#### EXERCISE MATERIALS
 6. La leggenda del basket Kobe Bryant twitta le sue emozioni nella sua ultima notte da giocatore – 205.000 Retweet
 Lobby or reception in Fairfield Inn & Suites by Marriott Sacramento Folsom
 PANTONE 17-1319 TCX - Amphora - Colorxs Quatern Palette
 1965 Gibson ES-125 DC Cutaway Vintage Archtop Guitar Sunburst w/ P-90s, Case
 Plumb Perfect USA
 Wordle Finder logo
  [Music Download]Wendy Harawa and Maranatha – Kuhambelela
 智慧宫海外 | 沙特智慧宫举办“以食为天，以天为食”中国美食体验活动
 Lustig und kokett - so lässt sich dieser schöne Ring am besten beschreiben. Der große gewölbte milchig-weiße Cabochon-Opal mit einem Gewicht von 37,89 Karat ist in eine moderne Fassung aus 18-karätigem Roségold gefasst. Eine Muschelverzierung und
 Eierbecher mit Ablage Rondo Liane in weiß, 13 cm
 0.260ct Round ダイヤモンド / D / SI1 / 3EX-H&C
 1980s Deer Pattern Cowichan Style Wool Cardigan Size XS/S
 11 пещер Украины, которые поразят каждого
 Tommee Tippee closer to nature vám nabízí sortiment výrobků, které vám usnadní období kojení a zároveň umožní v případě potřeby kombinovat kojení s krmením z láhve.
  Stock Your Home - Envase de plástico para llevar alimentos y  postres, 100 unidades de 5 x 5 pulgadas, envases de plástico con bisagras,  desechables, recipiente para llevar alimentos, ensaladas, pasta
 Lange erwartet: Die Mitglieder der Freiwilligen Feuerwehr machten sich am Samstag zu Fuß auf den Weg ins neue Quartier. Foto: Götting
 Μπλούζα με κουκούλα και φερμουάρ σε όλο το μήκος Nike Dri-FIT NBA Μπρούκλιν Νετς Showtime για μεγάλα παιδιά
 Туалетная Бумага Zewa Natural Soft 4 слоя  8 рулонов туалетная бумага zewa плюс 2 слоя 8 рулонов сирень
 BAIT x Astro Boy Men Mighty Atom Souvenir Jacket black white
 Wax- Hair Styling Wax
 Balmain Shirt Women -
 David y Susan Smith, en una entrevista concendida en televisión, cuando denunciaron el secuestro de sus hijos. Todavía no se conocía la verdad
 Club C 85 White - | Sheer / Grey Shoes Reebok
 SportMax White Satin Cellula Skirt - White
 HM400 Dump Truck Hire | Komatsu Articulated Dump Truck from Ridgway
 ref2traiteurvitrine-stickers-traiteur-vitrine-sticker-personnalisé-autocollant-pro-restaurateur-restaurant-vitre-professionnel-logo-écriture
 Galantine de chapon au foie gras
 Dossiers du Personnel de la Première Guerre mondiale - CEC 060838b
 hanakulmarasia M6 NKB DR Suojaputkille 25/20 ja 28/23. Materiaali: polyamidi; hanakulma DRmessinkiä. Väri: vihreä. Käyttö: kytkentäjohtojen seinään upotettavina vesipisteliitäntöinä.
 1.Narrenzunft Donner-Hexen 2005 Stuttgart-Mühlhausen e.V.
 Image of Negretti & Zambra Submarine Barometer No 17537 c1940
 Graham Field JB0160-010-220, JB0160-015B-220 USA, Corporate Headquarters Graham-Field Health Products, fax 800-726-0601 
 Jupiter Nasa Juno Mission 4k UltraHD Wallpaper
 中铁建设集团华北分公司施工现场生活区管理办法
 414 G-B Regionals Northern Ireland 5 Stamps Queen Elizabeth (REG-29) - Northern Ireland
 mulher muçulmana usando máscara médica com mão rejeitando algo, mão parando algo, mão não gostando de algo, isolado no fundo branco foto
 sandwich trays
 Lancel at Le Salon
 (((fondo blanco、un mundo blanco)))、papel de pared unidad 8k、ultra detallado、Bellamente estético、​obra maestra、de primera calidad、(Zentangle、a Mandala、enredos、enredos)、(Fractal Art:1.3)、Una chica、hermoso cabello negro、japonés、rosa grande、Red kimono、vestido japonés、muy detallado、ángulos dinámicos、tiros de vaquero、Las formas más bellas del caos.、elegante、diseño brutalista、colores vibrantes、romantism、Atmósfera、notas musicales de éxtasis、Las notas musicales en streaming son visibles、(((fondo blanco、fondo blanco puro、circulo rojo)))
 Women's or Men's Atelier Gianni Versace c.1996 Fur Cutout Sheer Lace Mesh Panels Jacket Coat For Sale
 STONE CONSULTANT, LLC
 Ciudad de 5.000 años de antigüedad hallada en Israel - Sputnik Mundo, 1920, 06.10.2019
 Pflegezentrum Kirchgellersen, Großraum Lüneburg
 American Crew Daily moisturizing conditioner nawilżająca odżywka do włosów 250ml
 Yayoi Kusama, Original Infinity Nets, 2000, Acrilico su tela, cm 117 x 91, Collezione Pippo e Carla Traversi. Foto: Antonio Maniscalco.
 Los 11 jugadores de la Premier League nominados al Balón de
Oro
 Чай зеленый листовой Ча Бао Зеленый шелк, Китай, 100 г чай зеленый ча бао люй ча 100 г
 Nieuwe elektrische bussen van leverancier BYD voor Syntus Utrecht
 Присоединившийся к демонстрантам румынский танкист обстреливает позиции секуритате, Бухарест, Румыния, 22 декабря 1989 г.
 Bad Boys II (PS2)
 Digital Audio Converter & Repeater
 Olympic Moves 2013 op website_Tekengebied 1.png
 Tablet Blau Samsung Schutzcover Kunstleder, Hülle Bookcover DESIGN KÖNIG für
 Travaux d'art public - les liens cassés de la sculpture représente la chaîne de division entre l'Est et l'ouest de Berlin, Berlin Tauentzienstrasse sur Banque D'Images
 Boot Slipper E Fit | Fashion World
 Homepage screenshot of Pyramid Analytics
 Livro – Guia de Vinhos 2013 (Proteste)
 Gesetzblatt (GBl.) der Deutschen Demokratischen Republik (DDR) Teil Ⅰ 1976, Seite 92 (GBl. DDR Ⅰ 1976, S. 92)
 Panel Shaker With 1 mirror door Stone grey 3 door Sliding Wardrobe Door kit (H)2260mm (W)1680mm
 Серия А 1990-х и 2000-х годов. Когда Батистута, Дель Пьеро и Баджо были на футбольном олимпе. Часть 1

#### TASK INSTRUCTIONS
Transcribe each entry above exactly as it reads.

#### RESULT
 6. La leggenda del basket Kobe Bryant twitta le sue emozioni nella sua ultima notte da giocatore – 205.000 Retweet
 Lobby or reception in Fairfield Inn & Suites by Marriott Sacramento Folsom
 PANTONE 17-1319 TCX - Amphora - Colorxs Quatern Palette
 1965 Gibson ES-125 DC Cutaway Vintage Archtop Guitar Sunburst w/ P-90s, Case
 Plumb Perfect USA
 Wordle Finder logo
  [Music Download]Wendy Harawa and Maranatha – Kuhambelela
 智慧宫海外 | 沙特智慧宫举办“以食为天，以天为食”中国美食体验活动
 Lustig und kokett - so lässt sich dieser schöne Ring am besten beschreiben. Der große gewölbte milchig-weiße Cabochon-Opal mit einem Gewicht von 37,89 Karat ist in eine moderne Fassung aus 18-karätigem Roségold gefasst. Eine Muschelverzierung und
 Eierbecher mit Ablage Rondo Liane in weiß, 13 cm
 0.260ct Round ダイヤモンド / D / SI1 / 3EX-H&C
 1980s Deer Pattern Cowichan Style Wool Cardigan Size XS/S
 11 пещер Украины, которые поразят каждого
 Tommee Tippee closer to nature vám nabízí sortiment výrobků, které vám usnadní období kojení a zároveň umožní v případě potřeby kombinovat kojení s krmením z láhve.
  Stock Your Home - Envase de plástico para llevar alimentos y  postres, 100 unidades de 5 x 5 pulgadas, envases de plástico con bisagras,  desechables, recipiente para llevar alimentos, ensaladas, pasta
 Lange erwartet: Die Mitglieder der Freiwilligen Feuerwehr machten sich am Samstag zu Fuß auf den Weg ins neue Quartier. Foto: Götting
 Μπλούζα με κουκούλα και φερμουάρ σε όλο το μήκος Nike Dri-FIT NBA Μπρούκλιν Νετς Showtime για μεγάλα παιδιά
 Туалетная Бумага Zewa Natural Soft 4 слоя  8 рулонов туалетная бумага zewa плюс 2 слоя 8 рулонов сирень
 BAIT x Astro Boy Men Mighty Atom Souvenir Jacket black white
 Wax- Hair Styling Wax
 Balmain Shirt Women -
 David y Susan Smith, en una entrevista concendida en televisión, cuando denunciaron el secuestro de sus hijos. Todavía no se conocía la verdad
 Club C 85 White - | Sheer / Grey Shoes Reebok
 SportMax White Satin Cellula Skirt - White
 HM400 Dump Truck Hire | Komatsu Articulated Dump Truck from Ridgway
 ref2traiteurvitrine-stickers-traiteur-vitrine-sticker-personnalisé-autocollant-pro-restaurateur-restaurant-vitre-professionnel-logo-écriture
 Galantine de chapon au foie gras
 Dossiers du Personnel de la Première Guerre mondiale - CEC 060838b
 hanakulmarasia M6 NKB DR Suojaputkille 25/20 ja 28/23. Materiaali: polyamidi; hanakulma DRmessinkiä. Väri: vihreä. Käyttö: kytkentäjohtojen seinään upotettavina vesipisteliitäntöinä.
 1.Narrenzunft Donner-Hexen 2005 Stuttgart-Mühlhausen e.V.
 Image of Negretti & Zambra Submarine Barometer No 17537 c1940
 Graham Field JB0160-010-220, JB0160-015B-220 USA, Corporate Headquarters Graham-Field Health Products, fax 800-726-0601 
 Jupiter Nasa Juno Mission 4k UltraHD Wallpaper
 中铁建设集团华北分公司施工现场生活区管理办法
 414 G-B Regionals Northern Ireland 5 Stamps Queen Elizabeth (REG-29) - Northern Ireland
 mulher muçulmana usando máscara médica com mão rejeitando algo, mão parando algo, mão não gostando de algo, isolado no fundo branco foto
 sandwich trays
 Lancel at Le Salon
 (((fondo blanco、un mundo blanco)))、papel de pared unidad 8k、ultra detallado、Bellamente estético、​obra maestra、de primera calidad、(Zentangle、a Mandala、enredos、enredos)、(Fractal Art:1.3)、Una chica、hermoso cabello negro、japonés、rosa grande、Red kimono、vestido japonés、muy detallado、ángulos dinámicos、tiros de vaquero、Las formas más bellas del caos.、elegante、diseño brutalista、colores vibrantes、romantism、Atmósfera、notas musicales de éxtasis、Las notas musicales en streaming son visibles、(((fondo blanco、fondo blanco puro、circulo rojo)))
 Women's or Men's Atelier Gianni Versace c.1996 Fur Cutout Sheer Lace Mesh Panels Jacket Coat For Sale
 STONE CONSULTANT, LLC
 Ciudad de 5.000 años de antigüedad hallada en Israel - Sputnik Mundo, 1920, 06.10.2019
 Pflegezentrum Kirchgellersen, Großraum Lüneburg
 American Crew Daily moisturizing conditioner nawilżająca odżywka do włosów 250ml
 Yayoi Kusama, Original Infinity Nets, 2000, Acrilico su tela, cm 117 x 91, Collezione Pippo e Carla Traversi. Foto: Antonio Maniscalco.
 Los 11 jugadores de la Premier League nominados al Balón de
Oro
 Чай зеленый листовой Ча Бао Зеленый шелк, Китай, 100 г чай зеленый ча бао люй ча 100 г
 Nieuwe elektrische bussen van leverancier BYD voor Syntus Utrecht
 Присоединившийся к демонстрантам румынский танкист обстреливает позиции секуритате, Бухарест, Румыния, 22 декабря 1989 г.
 Bad Boys II (PS2)
 Digital Audio Converter & Repeater
 Olympic Moves 2013 op website_Tekengebied 1.png
 Tablet Blau Samsung Schutzcover Kunstleder, Hülle Bookcover DESIGN KÖNIG für
 Travaux d'art public - les liens cassés de la sculpture représente la chaîne de division entre l'Est et l'ouest de Berlin, Berlin Tauentzienstrasse sur Banque D'Images
 Boot Slipper E Fit | Fashion World
 Homepage screenshot of Pyramid Analytics
 Livro – Guia de Vinhos 2013 (Proteste)
 Gesetzblatt (GBl.) der Deutschen Demokratischen Republik (DDR) Teil Ⅰ 1976, Seite 92 (GBl. DDR Ⅰ 1976, S. 92)
 Panel Shaker With 1 mirror door Stone grey 3 door Sliding Wardrobe Door kit (H)2260mm (W)1680mm
 Серия А 1990-х и 2000-х годов. Когда Батистута, Дель Пьеро и Баджо были на футбольном олимпе. Часть 1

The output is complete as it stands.